Juan Bosch's presidency did not last long in the Dominican Republic. Elected in 1963, he dared to propose land reform and nationalization. So he was overthrown in a military coup. Two years later, when civil war had broken out and Bosch's supporters were threatening to win, the Marines intervened and Bosch was not to return.

In 1978, leftist Sandinistas overthrew U.S. supported Nicaraguan dictator Somoza. Within a couple years, the United States was funding the Contra guerillas, wrecking havoc on Nicaragua's attempts to develop along alternative socialist economic lines. The U.S. solved the Sandinista "problem" in 1990, when the U.S. funded opposition party won the elections and Nicaragua returned to the capitalist path.

More recently in 1995 the U.S. restored Aristide, the democratically elected president of Haiti, to power under the condition that he renounce his previous opposition to unregulated free market policies.
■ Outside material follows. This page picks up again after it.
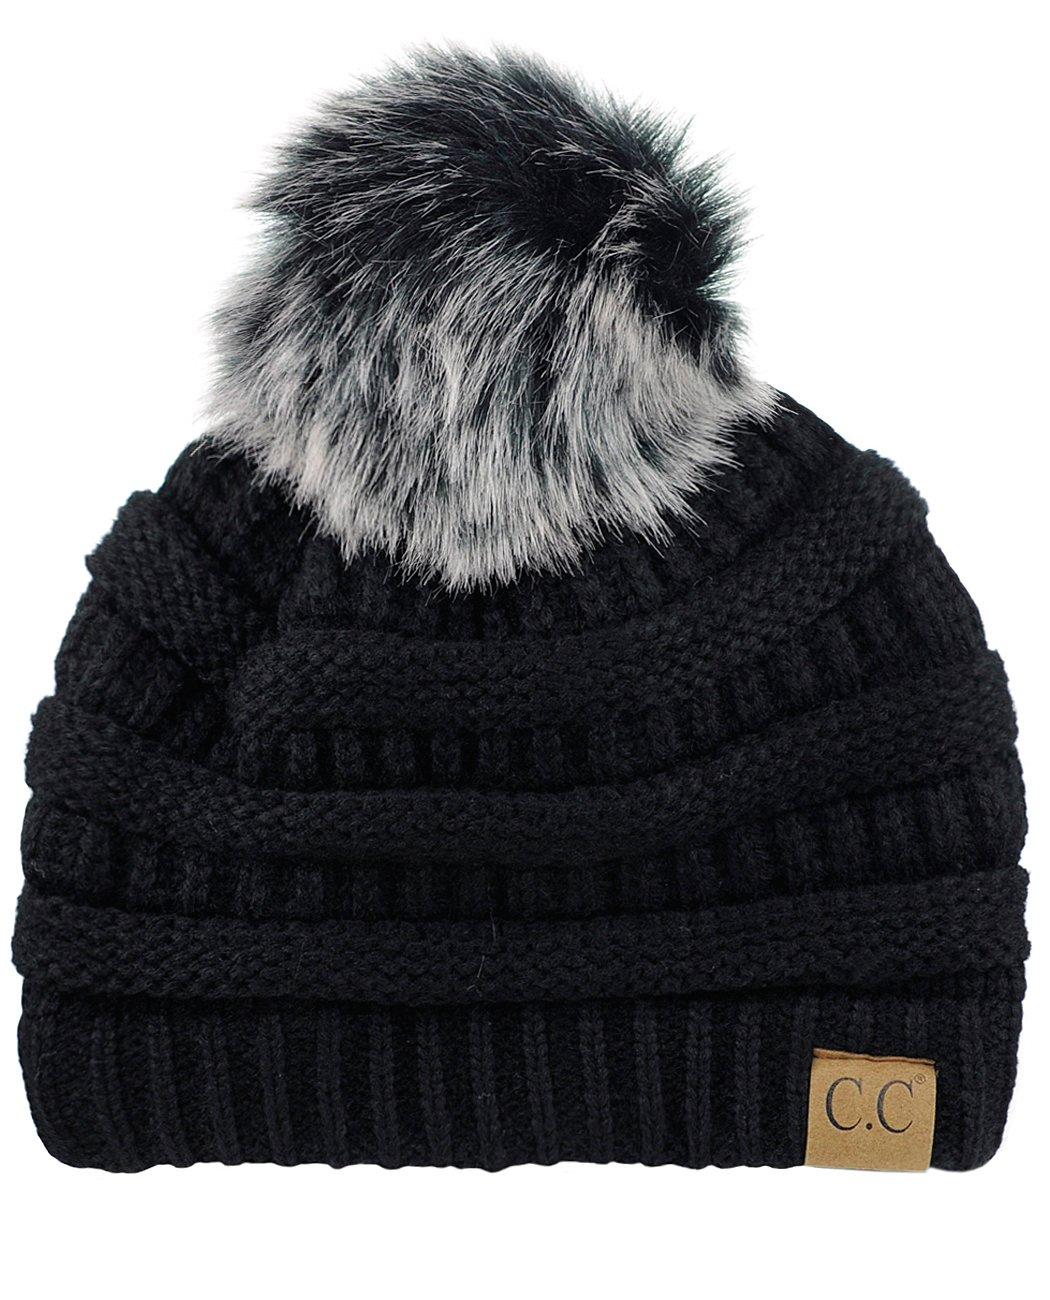 NYFASHION101 Exclusive Soft Stretch Cable Knit Faux Fur Pom Pom Beanie Hat - Black/Gray Pom

Unlike the Cold War, it is no longer publicly acceptable for the United States to support anticommunist military dictatorships. Instead we urge states to move towards "democracy." However if you look closer at these countries, it is more critical that they follow unhindered capitalism (the dictates of the International Monetary Fund and World Bank) — than be democratic.

Israel is an excellent example. A so-called democracy, receiving billions of U.S. military and economic aid, the country's policies of disempowering Palestinians are closer to South African apartheid.

Colombia, now the third largest recipient of U.S. military aid, is another good one. It holds regular elections, but the last time leftists formed a political party the government-tolerated death squads made short work of them. Colombia has the most human rights violations of any Latin American country and the victims are primarily peasants whose crime is that they are poor.

If you believe in economic justice, human rights and real democracy then you should oppose the existence of our military and ROTC. As a first step, let us follow The Observer's Sept. 15 editorial suggesting that "all ROTC students should be required to take a class in just war theory."

Aaron Kreider is a third year sociology graduate student. His column appears every other Monday.

The views expressed in this column are those of the author and not necessarily those of The Observer.